ACTIVITY: Output the listing exactly, without its pictures.
++++ DATA BLOCK ++++
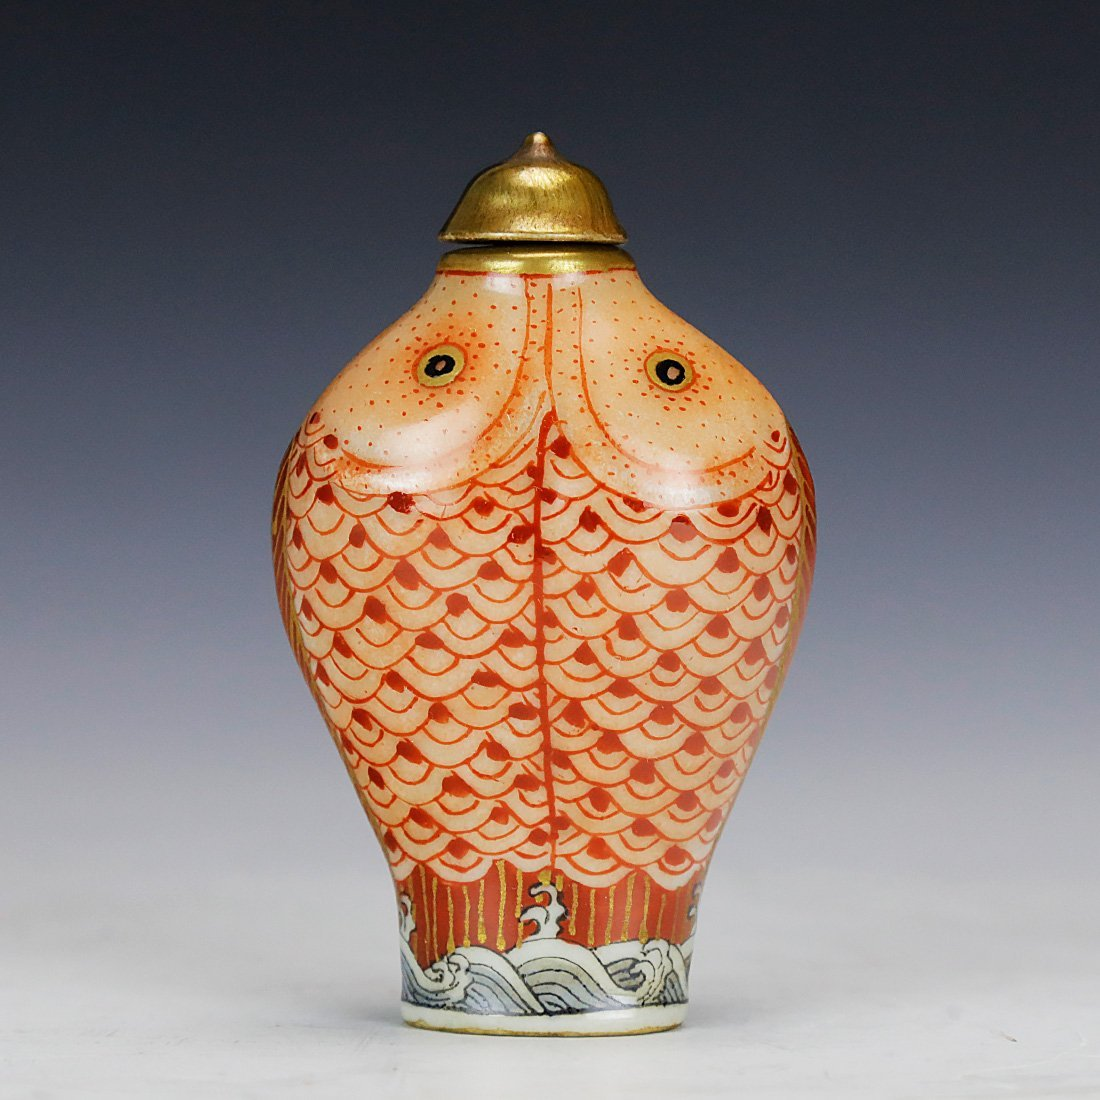 Qianlong ceramic snuff box Hand painted gold 18 century
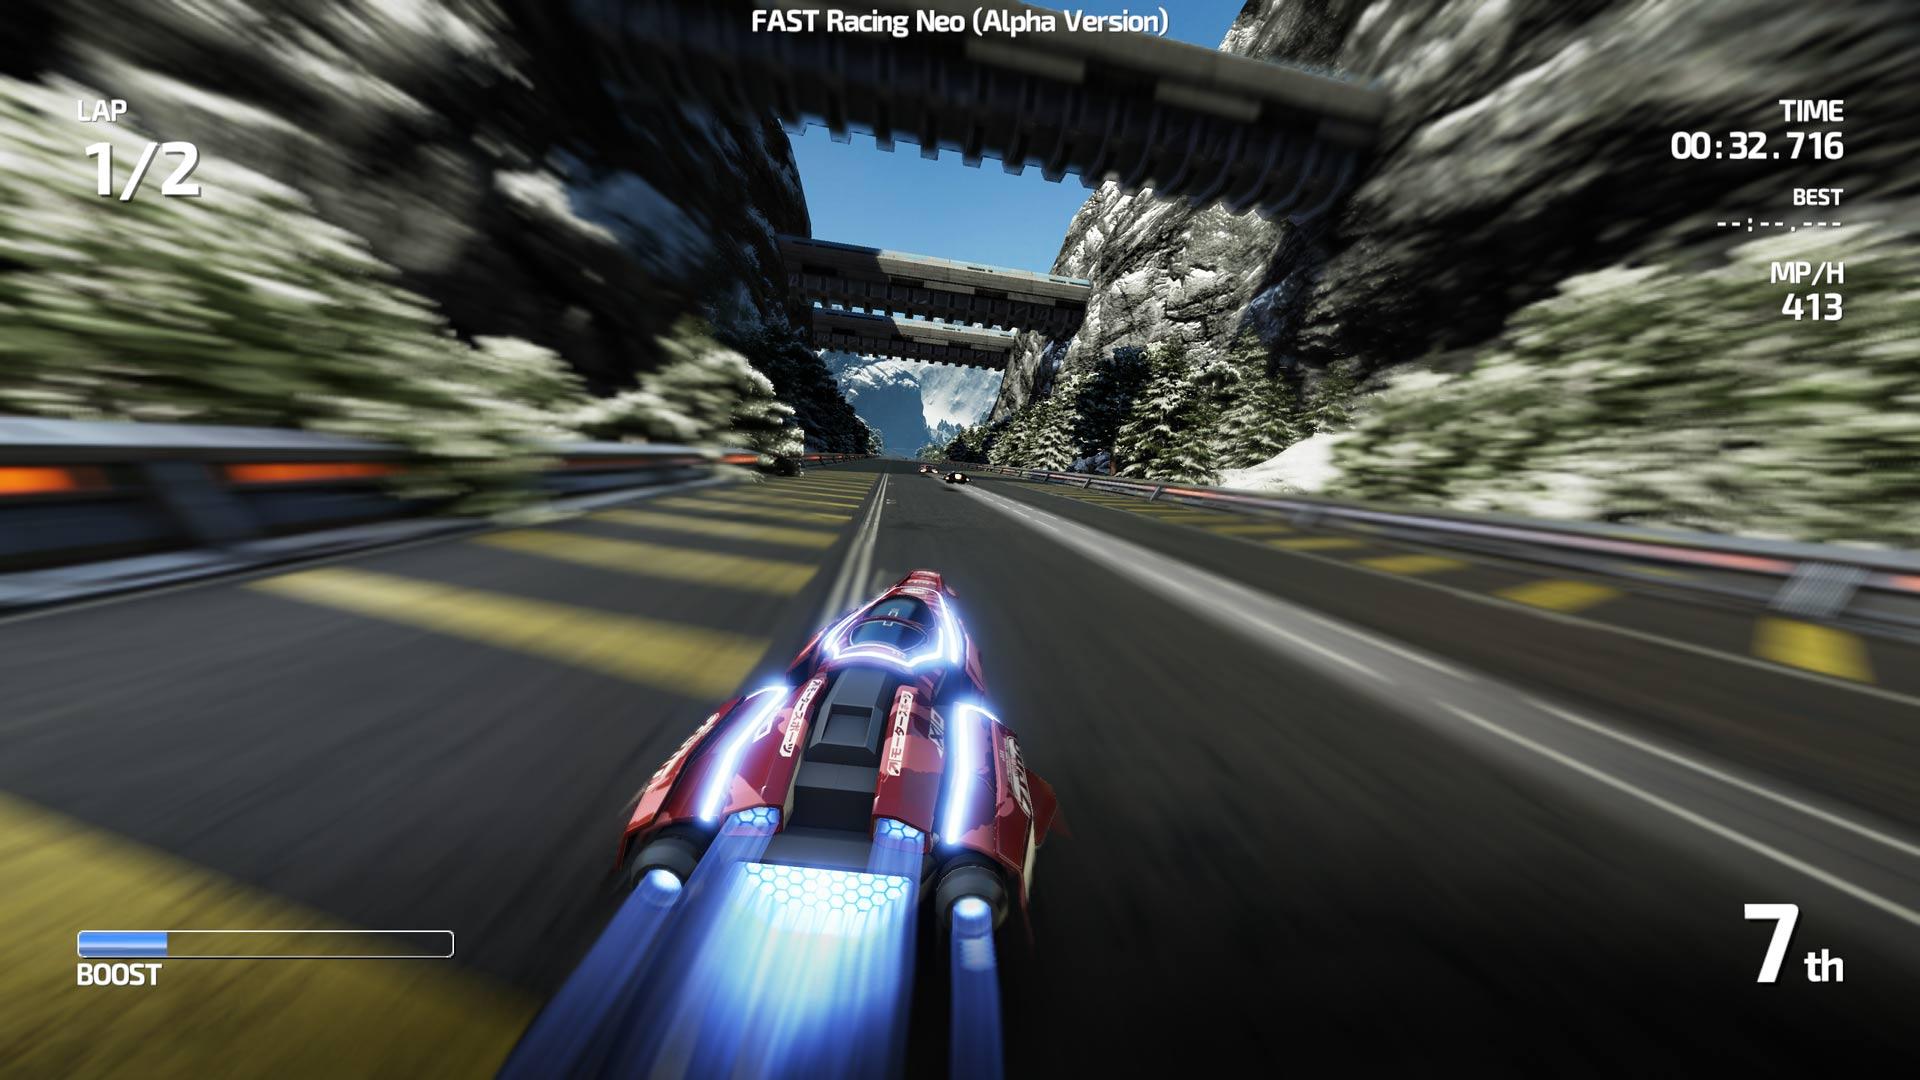 FAST Racing Neo - IndieCade 2015 gameplay (off-screen) - Nintendo ...
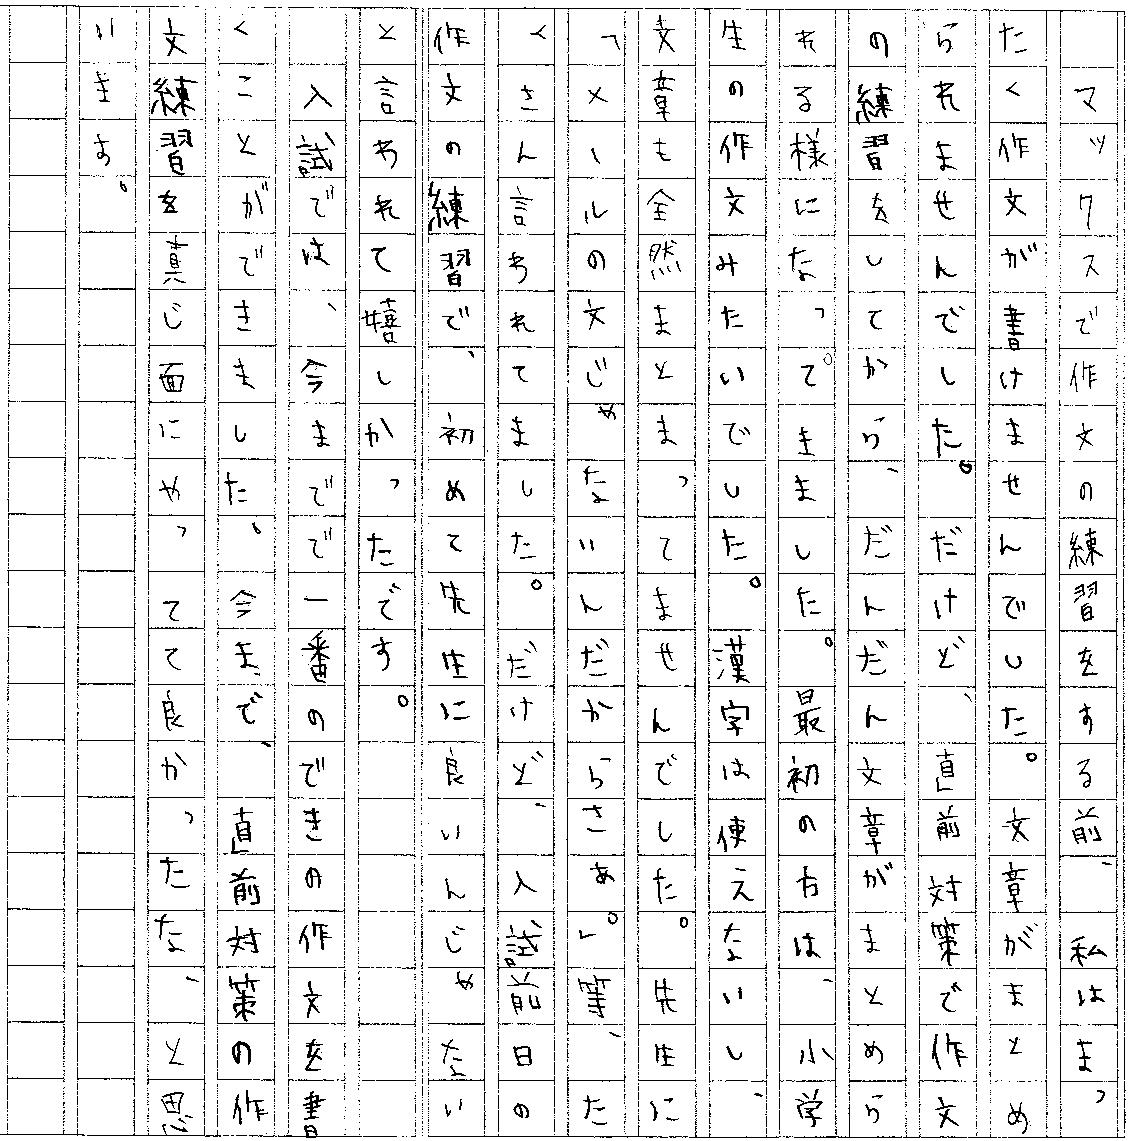 377-1
++++
TASK RESULT:
 Qianlong ceramic snuff box Hand painted gold 18 century
 FAST Racing Neo - IndieCade 2015 gameplay (off-screen) - Nintendo ...
 377-1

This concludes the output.